And they do – weirdly translucent and slightly hairy. They look like they might hatch.

“When my wife was pregnant, they said if you shine a light on her tummy, the kid kicks. So for fun, I put them on my tits. I had no idea they glowed like this. Apparently it doesn’t work with silicone. Only saline.”

Zembic, 44, has every reason to marvel at his tits. These are the tits, after all, that have made him a legend. They started life in early 1996 when he and his gambler friends – a motley bunch of chancers and card sharks who bet on pretty much anything – were discussing how nuts it was that their friend, Martha, and for that matter women in general, went under the knife for a bigger set of pups. Were boobs really that important?

“I said fuck yeah! The only reason Martha gets attention is because she has boobs,” remembers Zembic. “And if I had them, I’d get just as much, even more. Because the whole world revolves around boobs, even if I got them.”

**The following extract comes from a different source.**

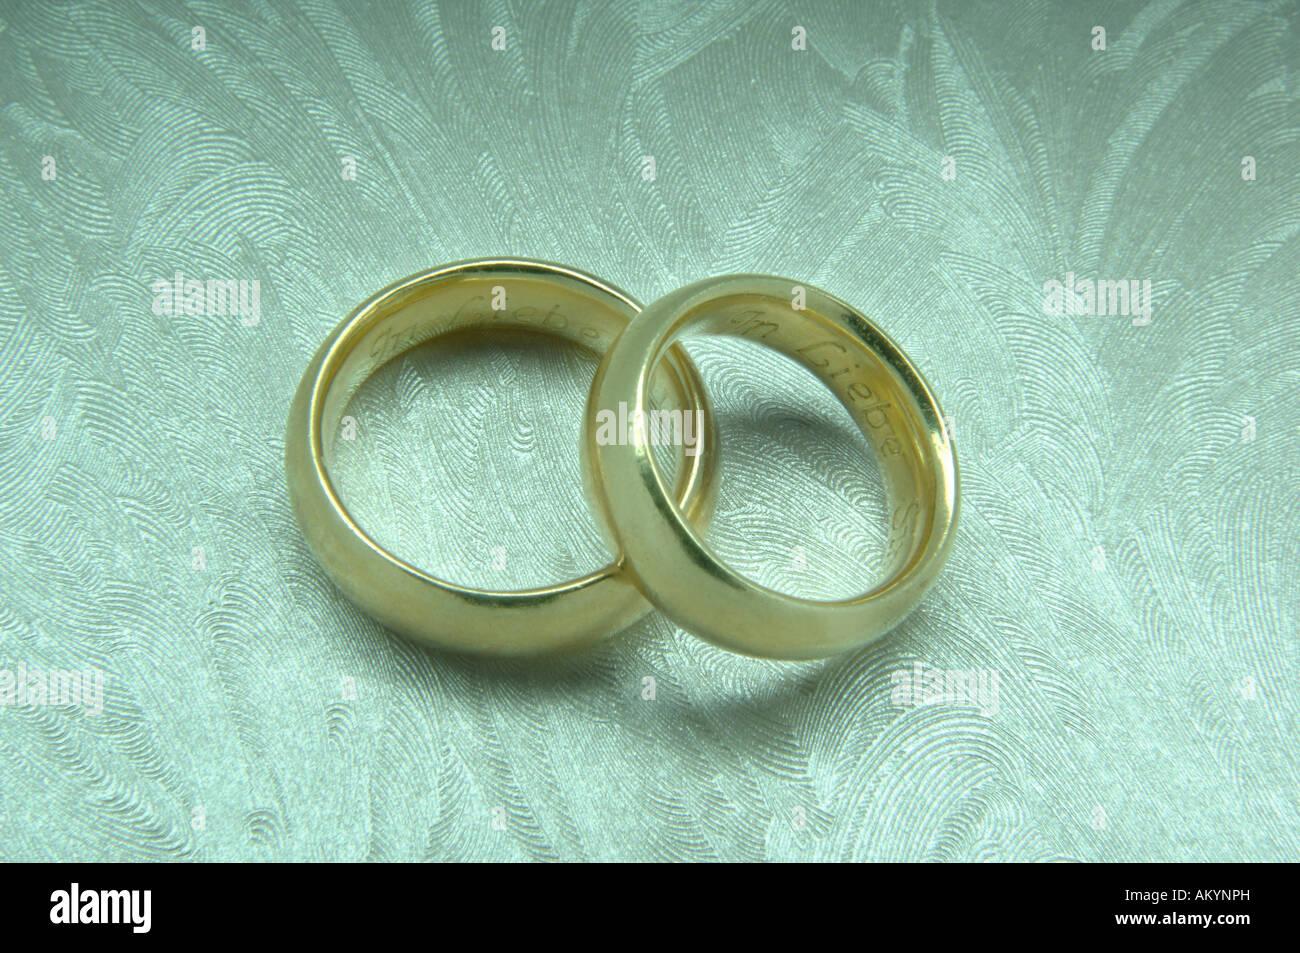 Goldene Hochzeit Ringe Stockfoto Bild 15100888 Alamy

So his pal Svobo, a big time backgammon player, put some money on it. He said he’d give Zembic $100,000 if he got breast implants himself, never imagining that he might actually do it. But Zembic had lost a small fortune on a stock tip from Svobo and he was determined to get his money back. If there’s one thing Zembic hates, it’s losing money – even his best friends call him the tightest man in the world. So a meeting was called – a “titty tribunal” – and the terms were set. Zembic would get half the money after the operation and the rest if he lasted a year with the tits intact. All he had to do was pay for the surgery itself.

So he did. To everyone’s astonishment, he followed through and forked out $4500 for a pair of c-cups. But that was back in September 1997. Eight years ago. When Titanic came out. And he’s still got the tits.

“You know why? Because I can’t afford to have the damn things taken out!” He’s grinning. “No, seriously, it’s because I hate those operations. That general anaesthetic, it makes me so sick. And now I’ve had them in so long, there’s all this scar tissue underneath…”

But Brian, it’s a routine operation.

“You know what? I can’t even remember what it’s like not having them,” he says, giving them a jiggle. “Is it really eight years? Shit. That’s nearly a fifth of my life. That’s a long fucking time to have boobs.”

Brian Zembic is a unique and exceptional man – not so much because he’s got hooters, but because on him, the hooters seem almost incidental. He’s loud and manic, the centre of attention, and he is prodigiously skilled – hence his nickname, The Wiz. He’s a brilliant slight-of-hand magician, always whipping a deck of cards out. He’s a ping pong coach. And he’s a world class blackjack and backgammon player. In fact, gambling has paid for everything he owns, including a beautiful 3 bedroom home in Las Vegas with a yellow Hummer out front that Zembic himself can’t drive.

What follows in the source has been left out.